EVAs never go perfectly, he said, as something is bound to happen with things such as the hardware. Often the teams can solve it on the spot, based directly on experience with people who built the hardware or from the astronauts, like Kutryk, who worked out procedures in the NBL.
However, it’s quite usual to have to solve the problem after the spacewalk. As the astronauts in space go back into the ISS to take off their suits, Kutryk usually strolls into another building at Johnson to start preparing for the next spacewalk opportunity.
The walk takes minutes, but “by the time you get there, there’s a team that has this [procedure] already set up, ready to go, and you’re going to start working with that team to try to figure out another way to do it. So right now, you’re sort of spring loaded to help and to solve technical problems.”

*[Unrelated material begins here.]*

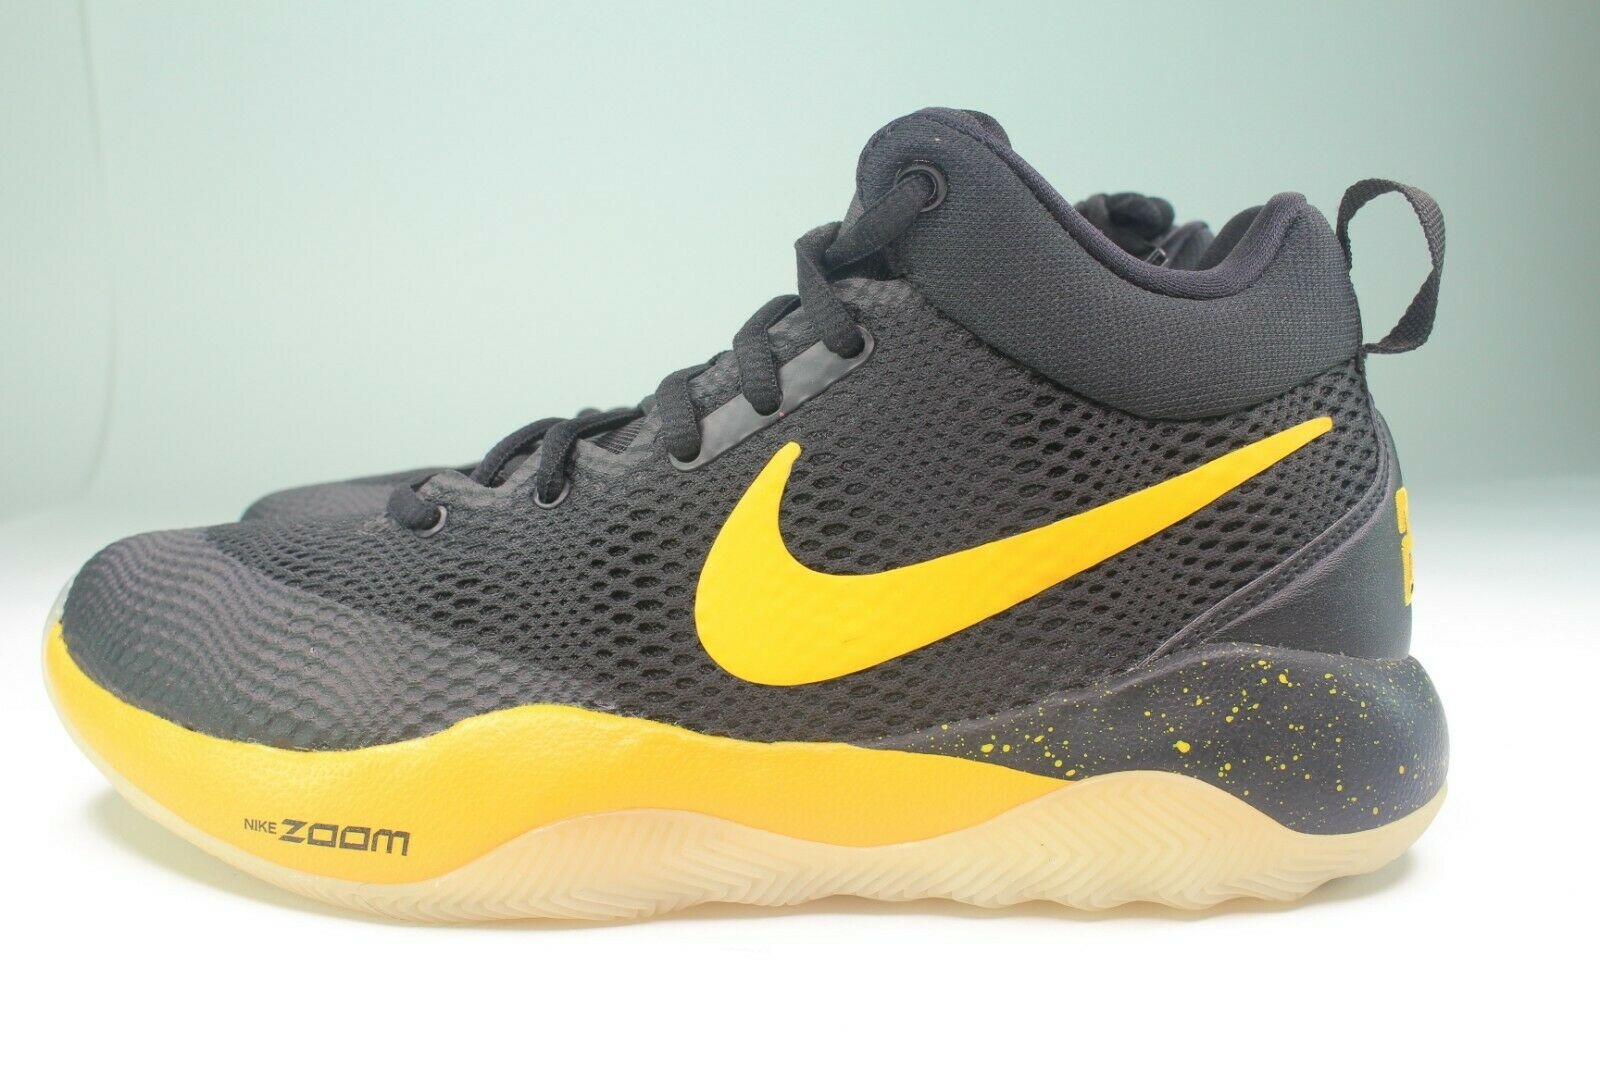 Nike Zoom Rev Pe Herren Größe 8.0 Schwarz University Gold Basketball 910572 070

In a year or two, Kutryk noted, spacewalkers will be seeking to replace a joint on Canadarm2, and already procedures are ongoing for figuring out how best to do that spacewalk. (Canadarm2 first arrived in space in 2001 and was installed through a set of EVAs involving Chris Hadfield and NASA’s Scott Parazynski, Parazynski then being one of the most experienced spacewalkers NASA had.)
Canadarm2 work isn’t the only thing ahead for Canada’s space program, because as Kutryk noted, Canada is in the middle of a “dynamic time” with forthcoming flight assignments as NASA expands its spacecraft fleet and destinations.
Canadians are expected to fly at least on Artemis 2 and on a long-duration mission “in Earth orbit,” Kutryk said, which for now implies the ISS. Both are coming up around 2024 or 2025, which as Kutryk termed it, is “right around the corner” in terms of mission planning. (The ISS is approved through 2024; NASA is hoping for 2030, but that’s assuming relations improve with Russia, which is under international sanctions due to the ongoing invasion of Ukraine.)
As for Canada, however, the country is continuing its work as usual and expecting more missions thanks to the contribution of Canadarm3 for NASA’s Gateway space station, which is allowing Canada to continue its work with NASA under the Artemis Accords.
“We also know we have an additional Artemis and additional [space] station,” Kutryk said of future missions. “There’s a lot on the horizon. I would say that our plates are very full here, and we are getting ready for that.”